Whereas IP laws grant exclusive property rights, antitrust laws favour competition. Bert Foer, president of the American Antitrust Institute, believes the US leans towards IP monopolies that favour patentees over consumers.

"We're moving towards a situation where staple foods are going to be subject to a patent-based chokehold throughout the world for both consumers and farmers." Deals such as the Trans-Pacific Partnership Agreement, which promote patents and economic "efficiencies", erode competition, he warns, raising the risk of catastrophic market failures.

For decades GM companies have insisted they will increase crop yields and feed the world's growing population. So far there is scant evidence GM foods, the latest being golden rice, are any more productive than conventional crops. Boosters also insist GM crops will be more drought tolerant and reduce carbon emissions.

But concerns about GM food safety and environmental threats persist even as GM companies rake in huge profits.

Traditionally, farmers could save seeds to replant. This is illegal with patented seeds. At the same time conventional seeds are vanishing from the market as GM companies patent global supplies once in public hands.

As 86 per cent of corn, 88 per cent of cotton and 93 per cent of soybean seeds used in US agriculture are genetically modified, the cascade of effects - for corporate profits and farming costs - is substantial.

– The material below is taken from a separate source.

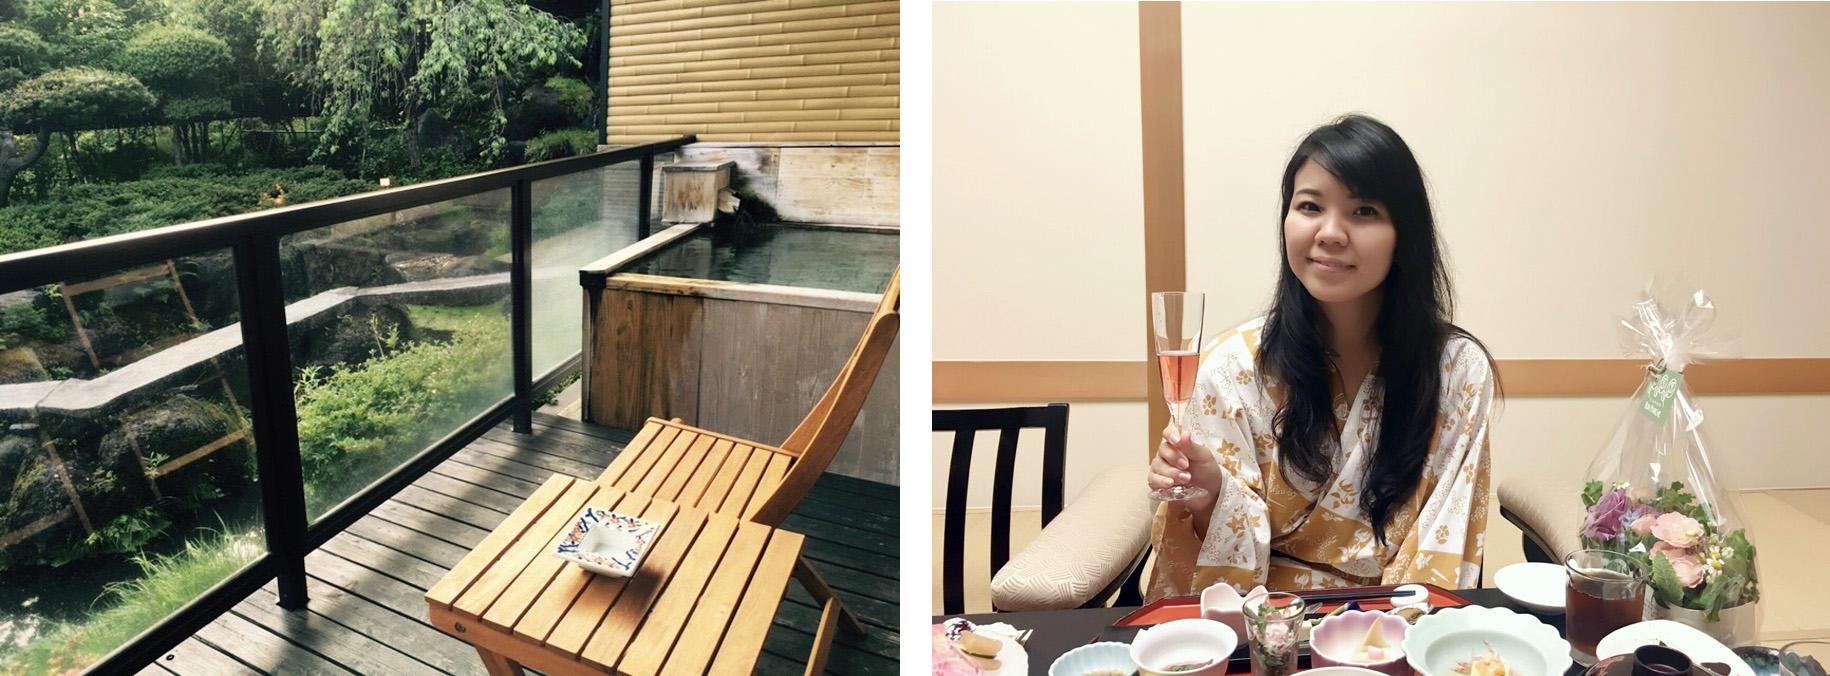 Happy Birthday Anzu in 日光_c0000759_15453160.jpg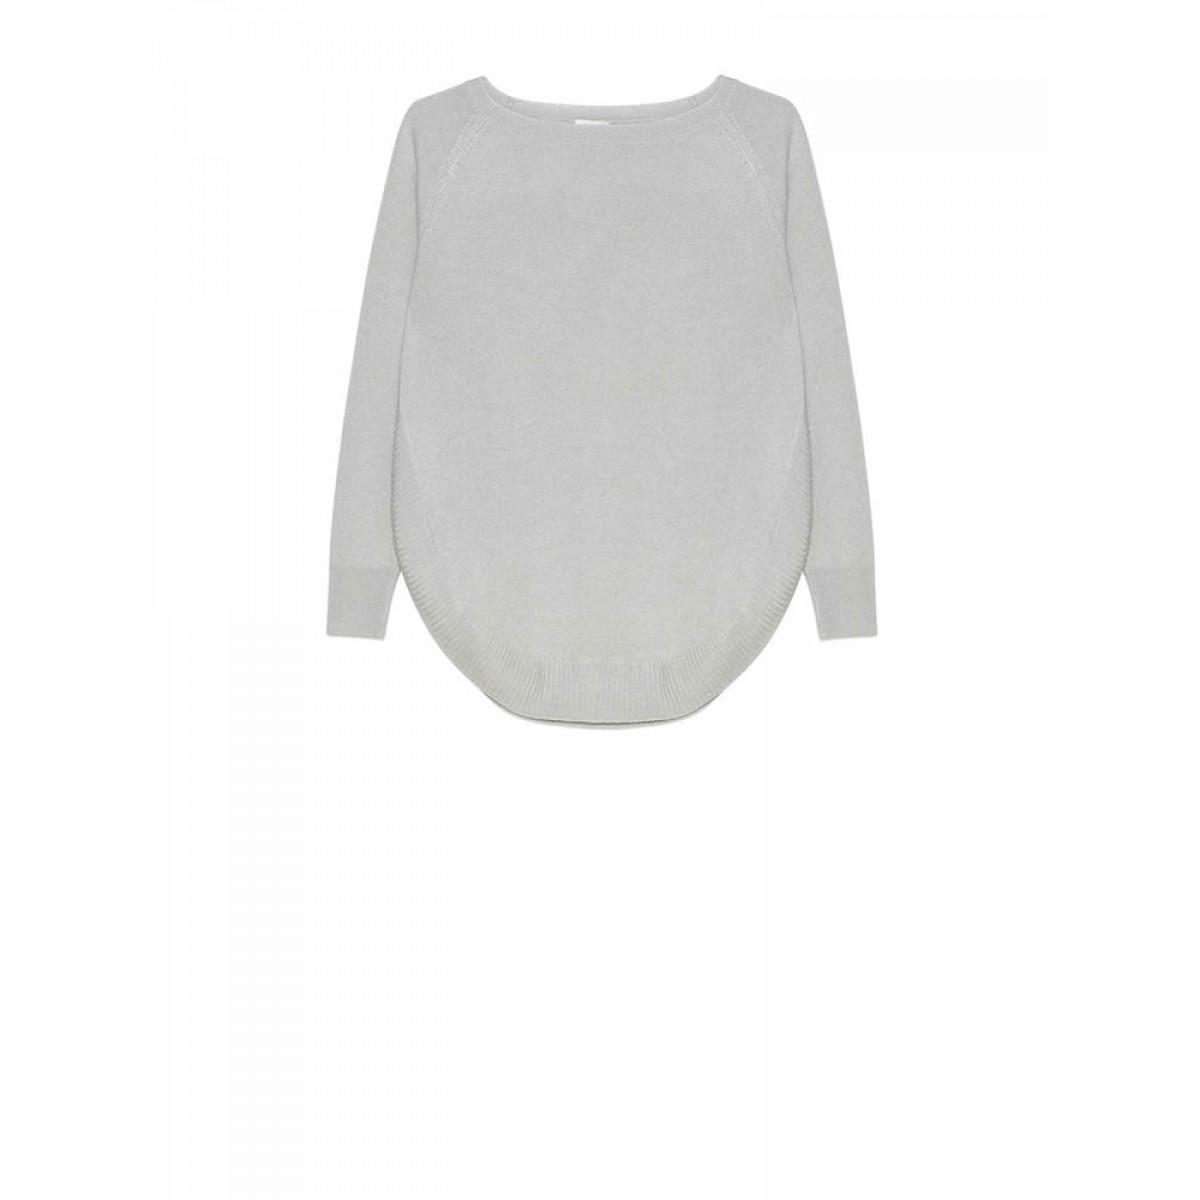 8e6cf1fd401a Fashion 100% Wool Sweater Design For Girl

Critics argue GM companies want to monopolise seeds so they can boost herbicide and pesticide profits. A Washington State University study last year found farmers growing GM corn, cotton and soybeans used about 25 per cent more glyphosate-based herbicides such as Monsanto's Roundup.

At the same time many weeds have become resistant to glyphosate. A Environmental Science Europe paper last year estimates "super weeds" infest between 20 and 25 million ha of American farmland.

Biotech companies are developing more potent herbicides. "They're moving to dicamba, which is more powerful, and one of two herbicides used in Agent Orange [the defoliant used in the Vietnam War, resulting in dire health issues for many combatants and civilians]," says Hanson.

Industrial agriculture's reliance on petrochemicals also locks farmers into dependence on fossil fuels, worsening climate change, say critics. Nonetheless, signs indicate Monsanto will prevail against Bowman.

Meanwhile, GM opponents are fighting genes with genes, using DNA sequencing to test food products. Research in New York last December by conservation group Oceana found seafood was widely mislabelled - 94 per cent of fish sold as tuna was not tuna - a potential fraud that evokes Europe's horse meat scandal.